Westlake didn’t really want to believe everything could be explained. Yes, there are reasons for the way people are. But that doesn’t mean we can understand them all. “A realist is somebody who thinks the world is simple enough to be understood. It isn’t.” And neither are human beings. Or wolves in the form of human beings. Though our behavior patterns can be obstinately repetitive, the mystery of identity is not only to be found in what we’ve done before. It’s much more in what we do next. The choices we make. Or fail to make.

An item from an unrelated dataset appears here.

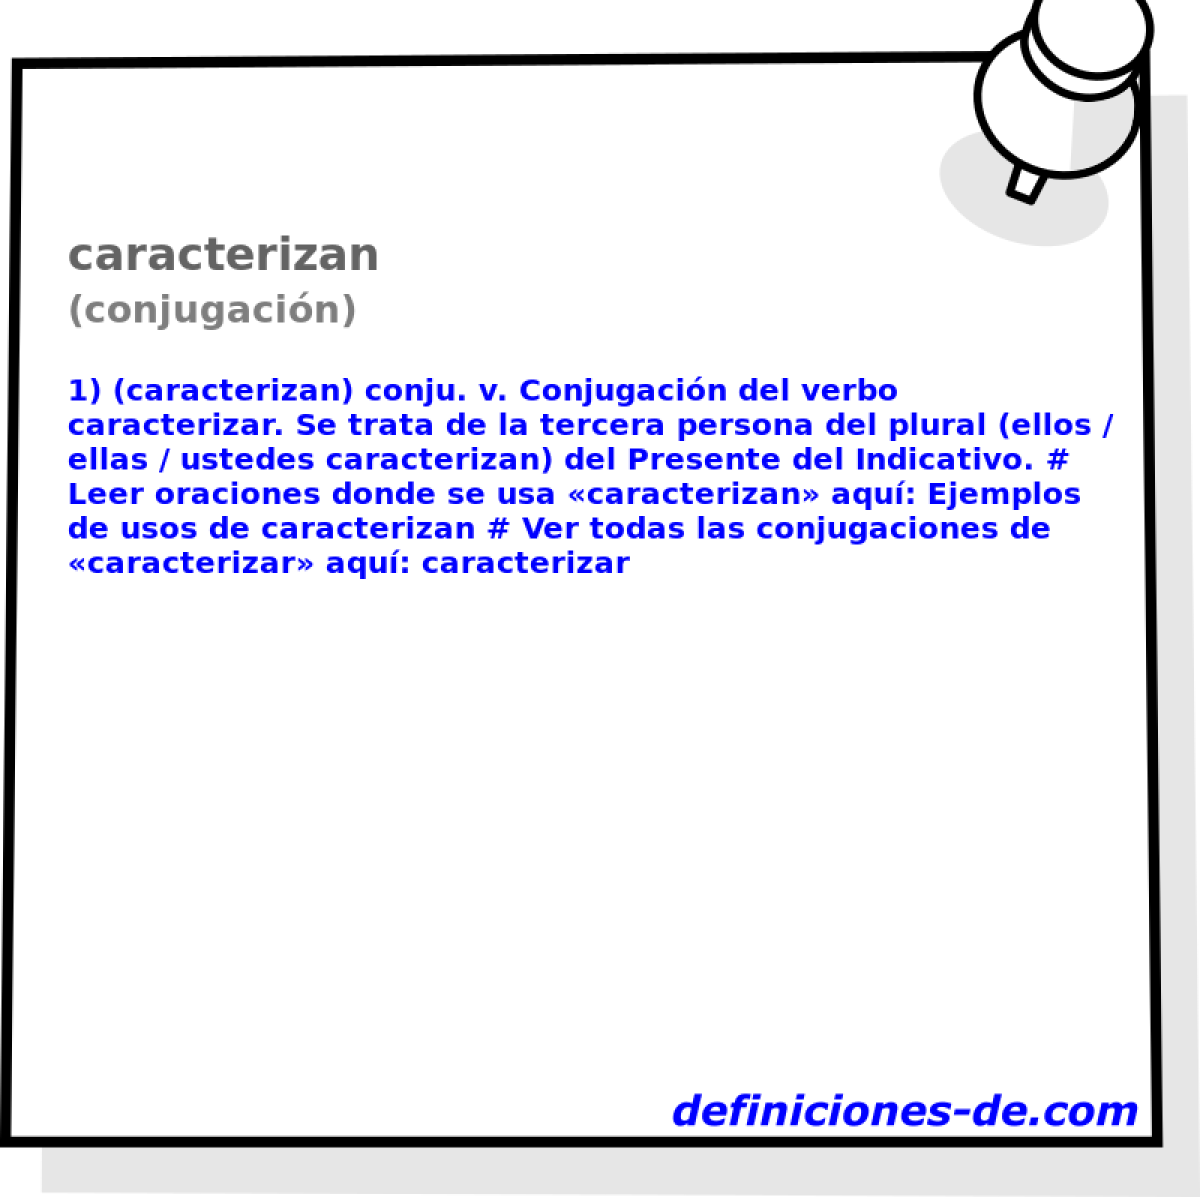 caracterizan (conjugacin)

Hi! Thank you for this newsy expose! 54-y/o transplant to N.J. here. N.J.’s biggest paper, The Star-Ledger, did a big expose on List in Dec. (12 pages?). Westfield’s about 20-30 mins from me. I forwarded this link to those who put it all together. Thanks for much for all this information!
Sorry to take so long responding, saw this days ago, got distracted reading my own article. So many things I had forgotten I knew. This is why we write things down.
I would have thought an expose on a convicted murderer who died in 2008 was a bit overdue, but The Star Ledger is easily one of the top ten papers in the country, has been a long time, would get more credit for that if it wasn’t in New Jersey. I would assume it was more of a retrospective analysis than an investigation.